_Problem details_: Transcription, pictures excluded: write out the data below exactly.

_Input data_:
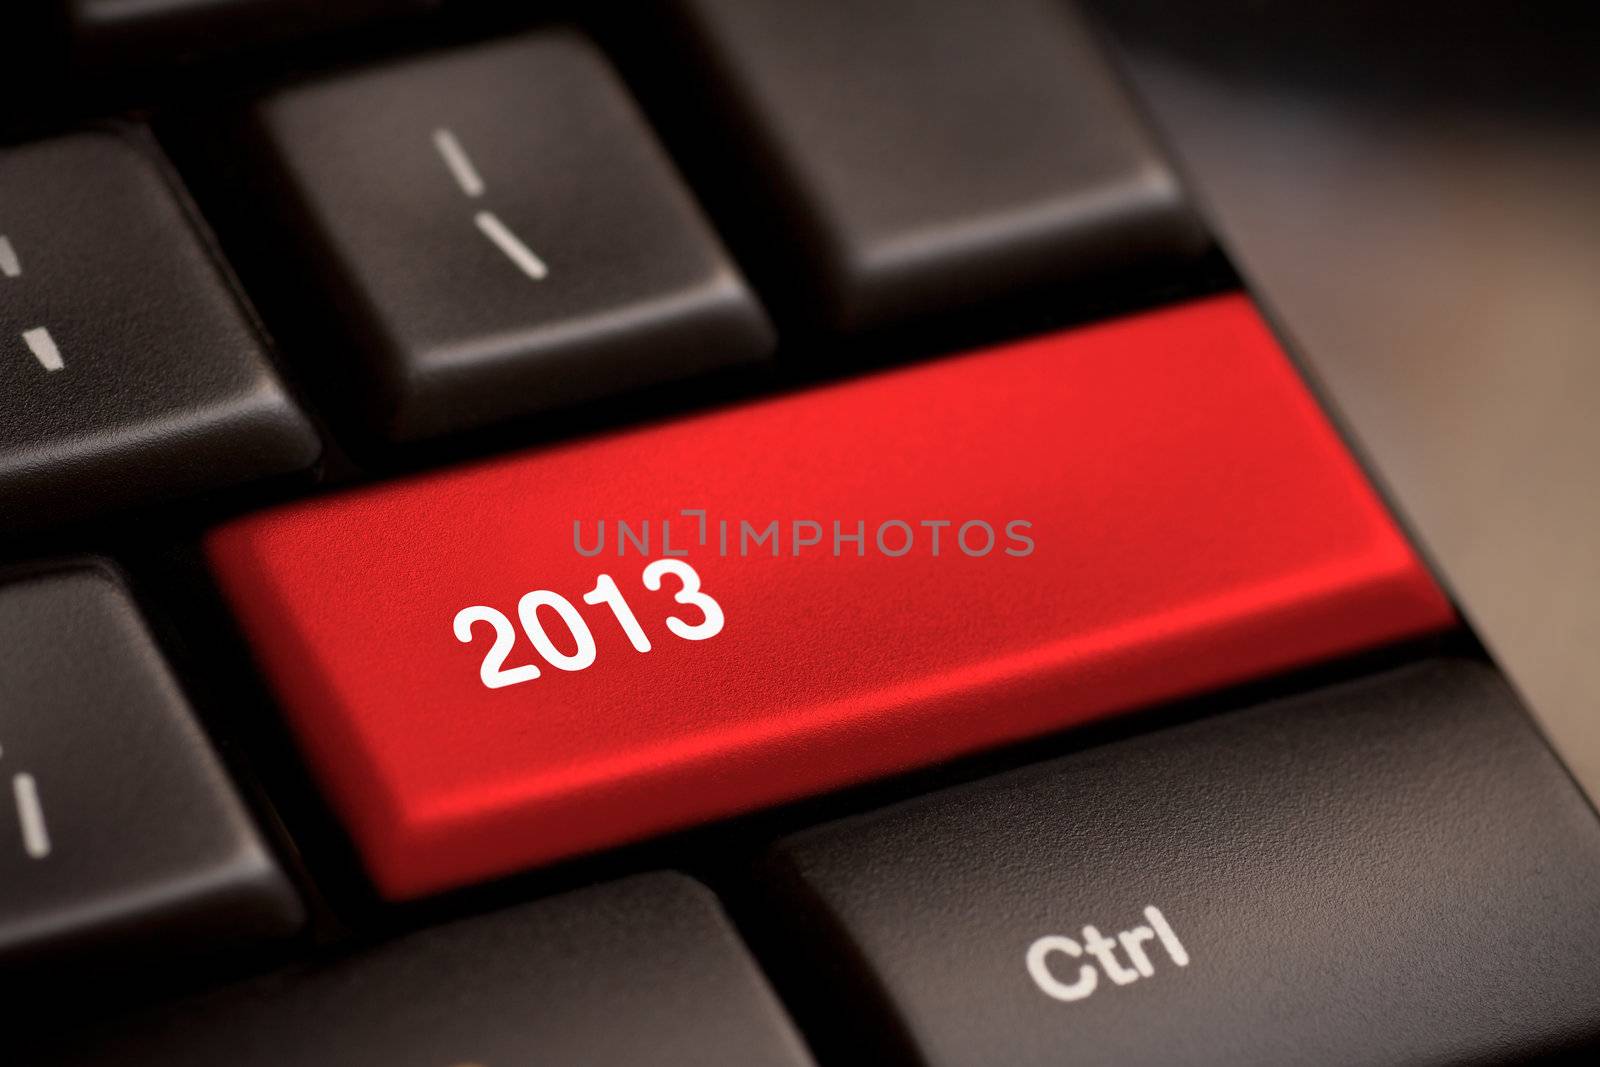 2013 Key On Keyboard. New year.
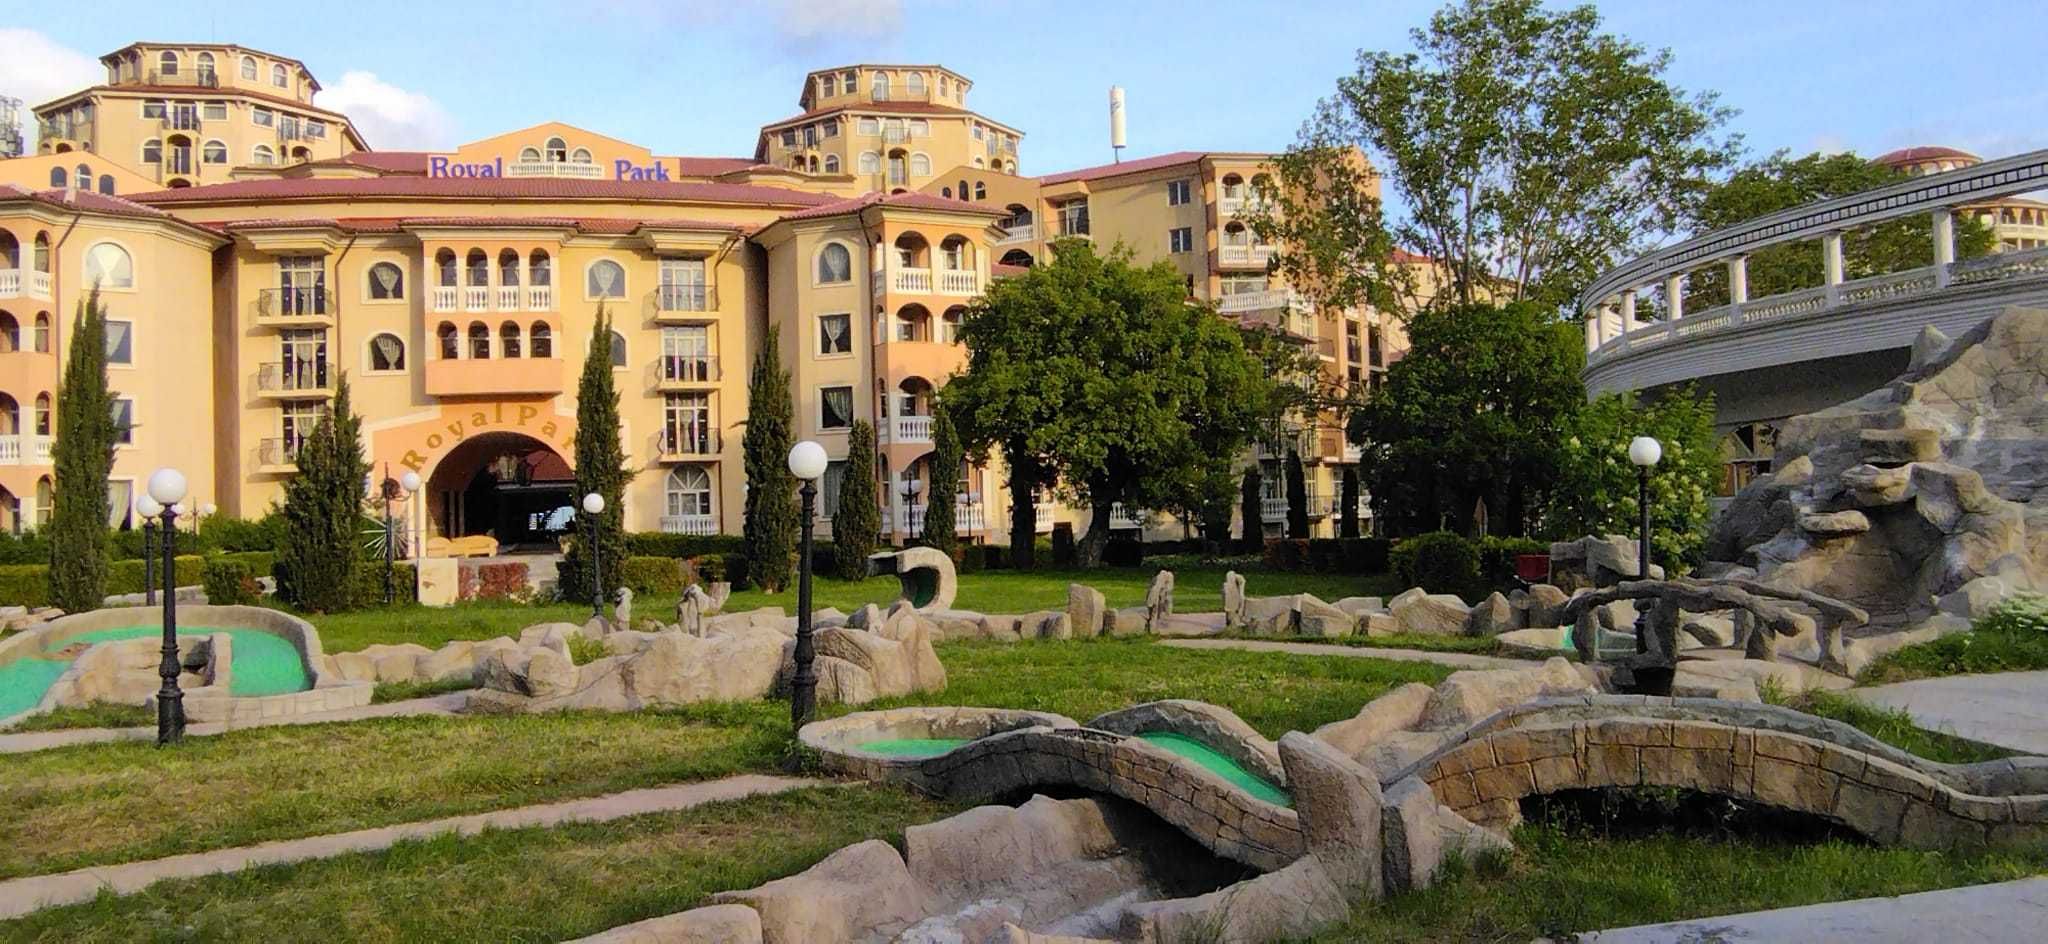 Piękny apartament do wynajęcia na wakacje  w Bułgarii w Elenite
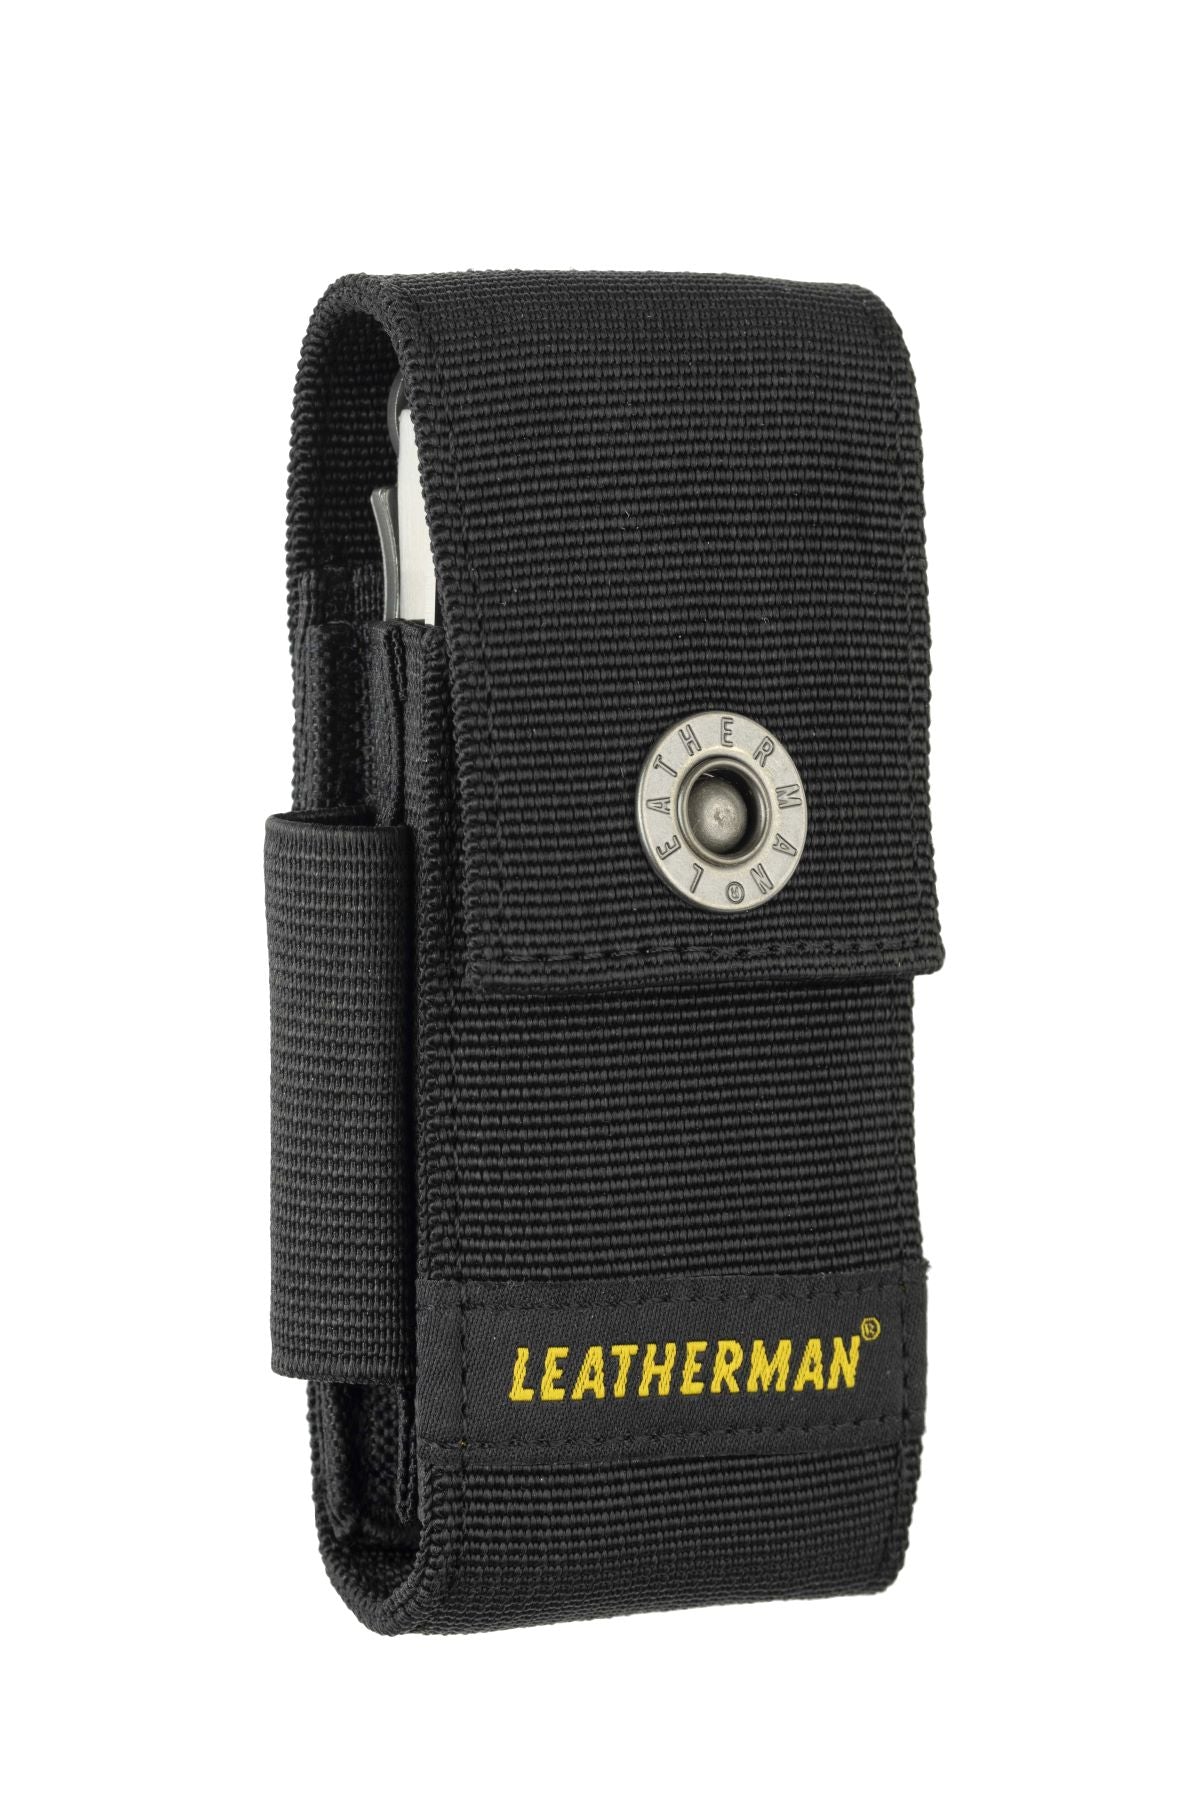 Leatherman Surge Pocket Knife
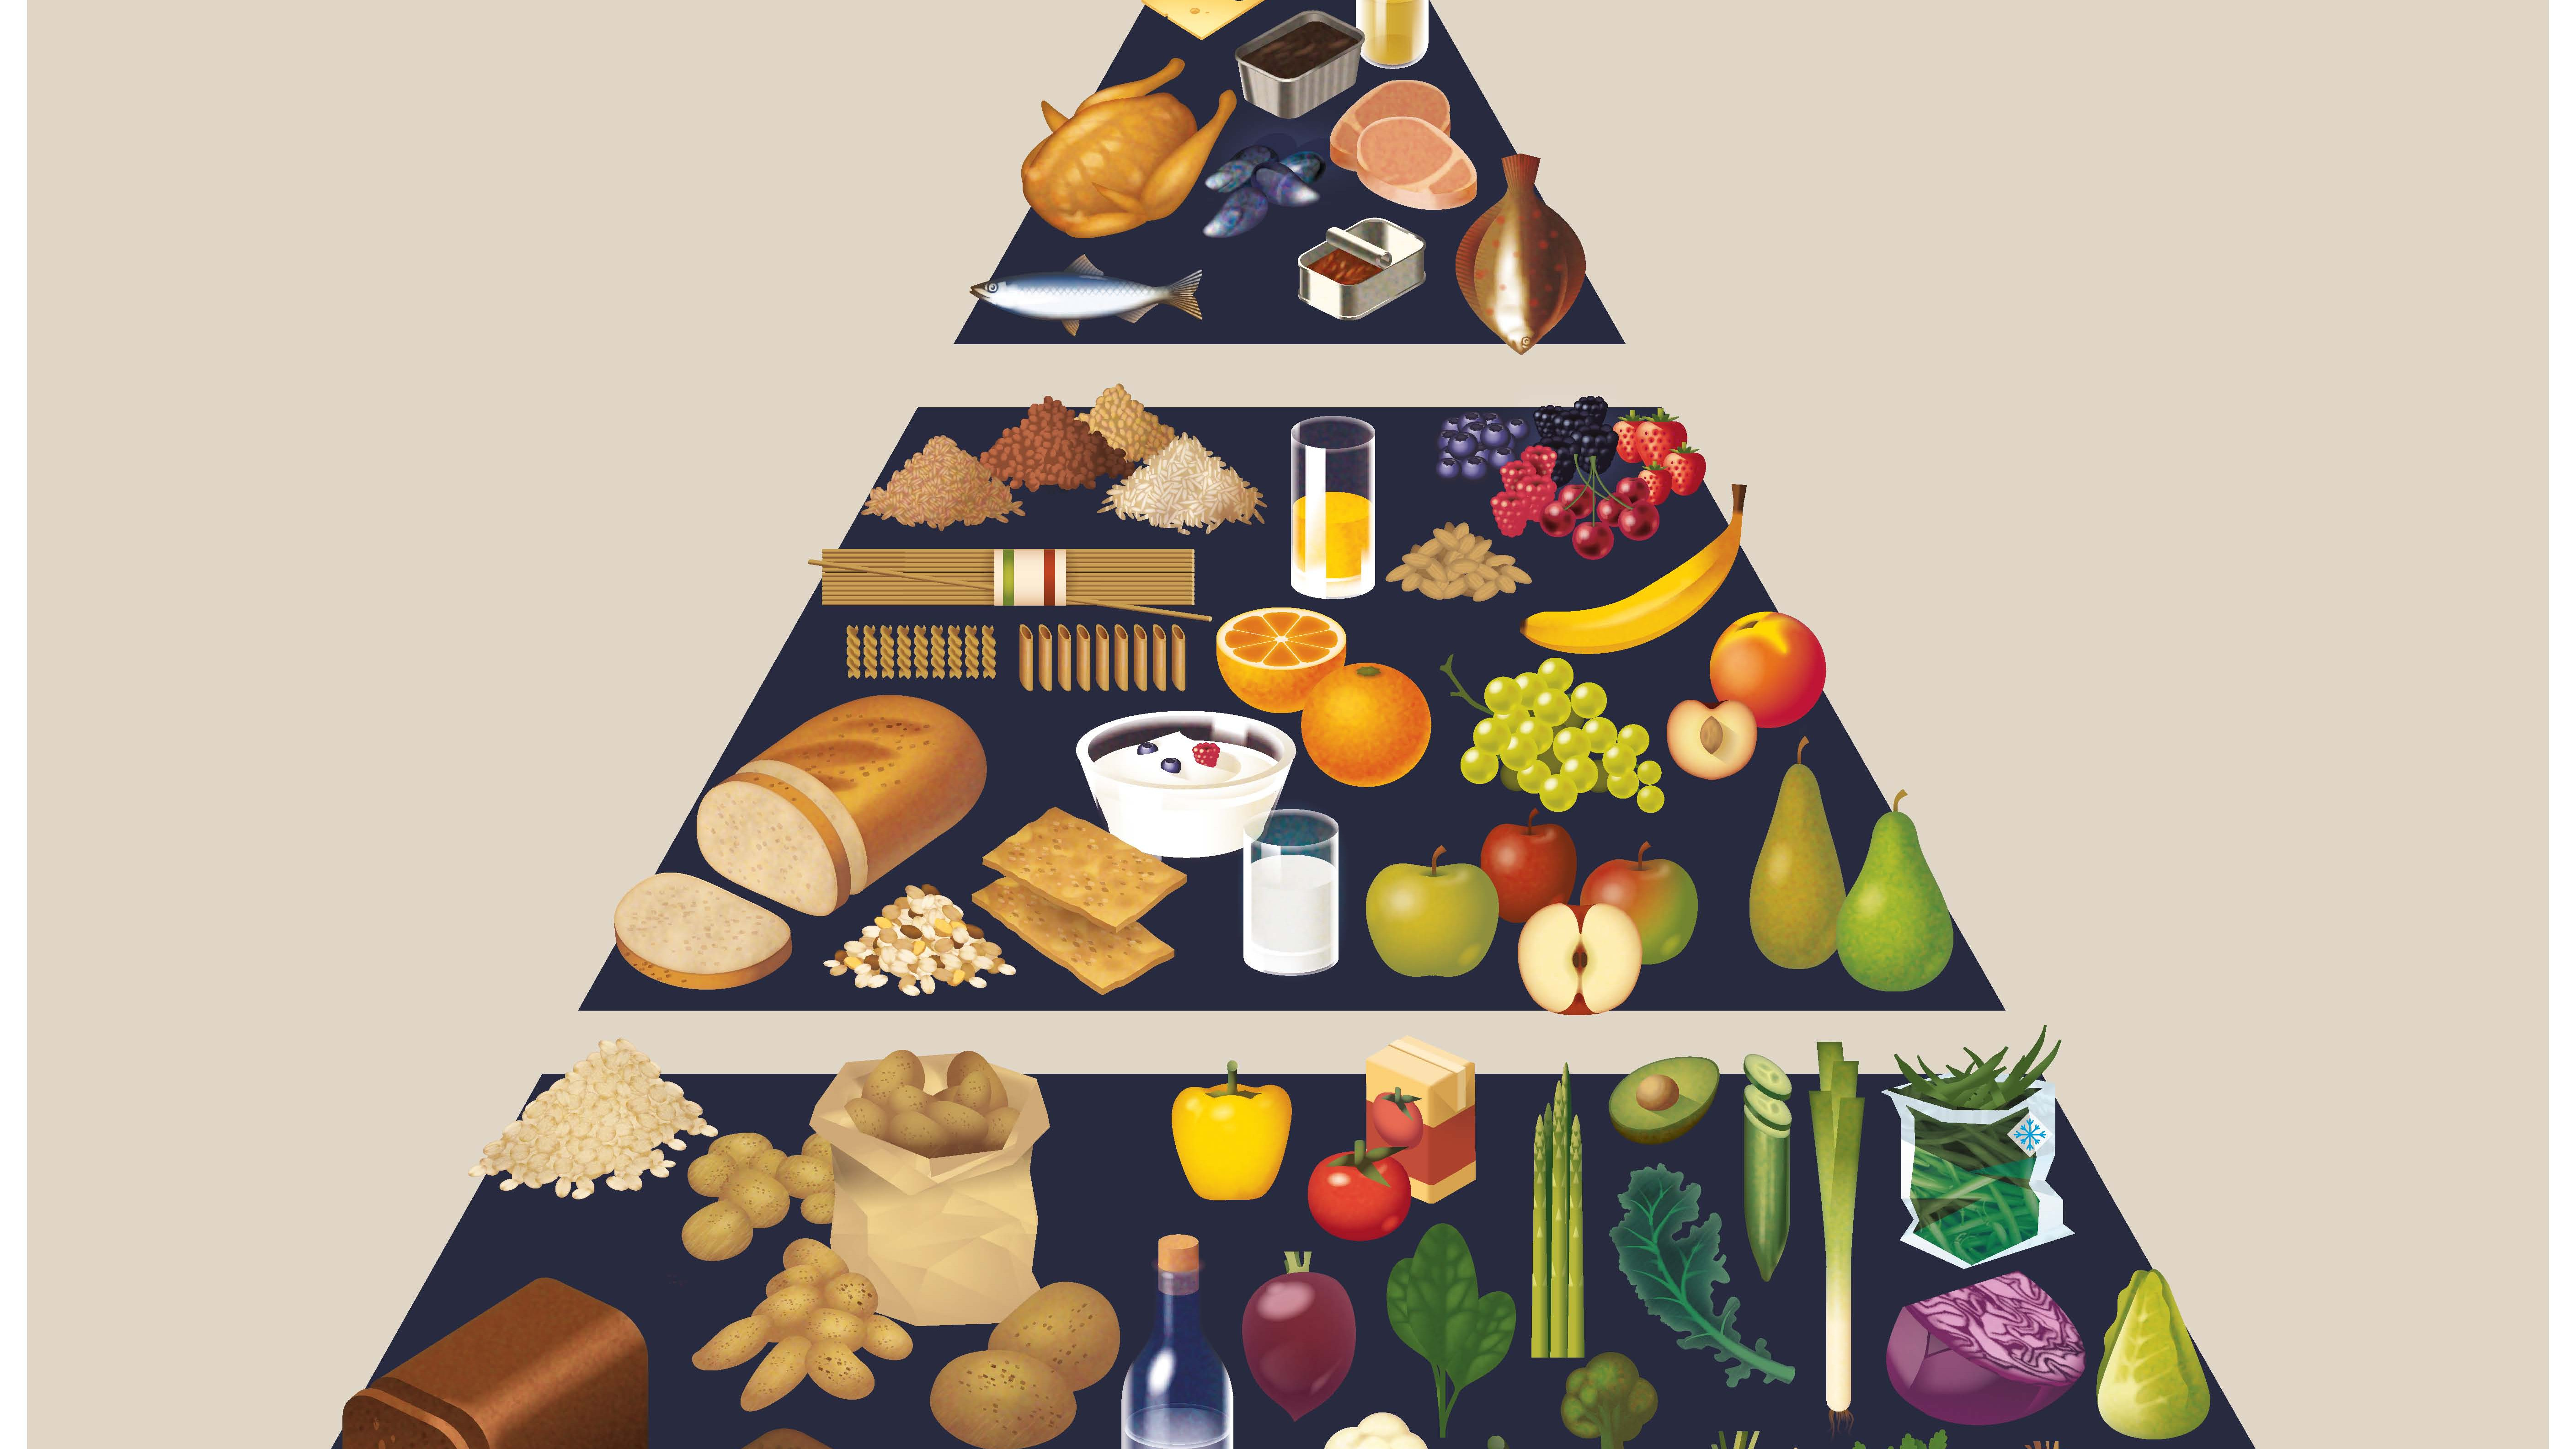 Madpyramiden blev oprindeligt lanceret af FDB (Coop) i 1976 for at vise danskerne, hvordan man spiser sundere og varieret ved at spise mest af varerne fra bunden, mindre fra midten og mindst fra toppen. Nu viser nye beregninger, at man kan spare 25 procent af CO2-udledningen fra sin mad ved at følge kostrådene i Madpyramiden

_Answer section_:
 2013 Key On Keyboard. New year.
 Piękny apartament do wynajęcia na wakacje  w Bułgarii w Elenite
 Leatherman Surge Pocket Knife
 Madpyramiden blev oprindeligt lanceret af FDB (Coop) i 1976 for at vise danskerne, hvordan man spiser sundere og varieret ved at spise mest af varerne fra bunden, mindre fra midten og mindst fra toppen. Nu viser nye beregninger, at man kan spare 25 procent af CO2-udledningen fra sin mad ved at følge kostrådene i Madpyramiden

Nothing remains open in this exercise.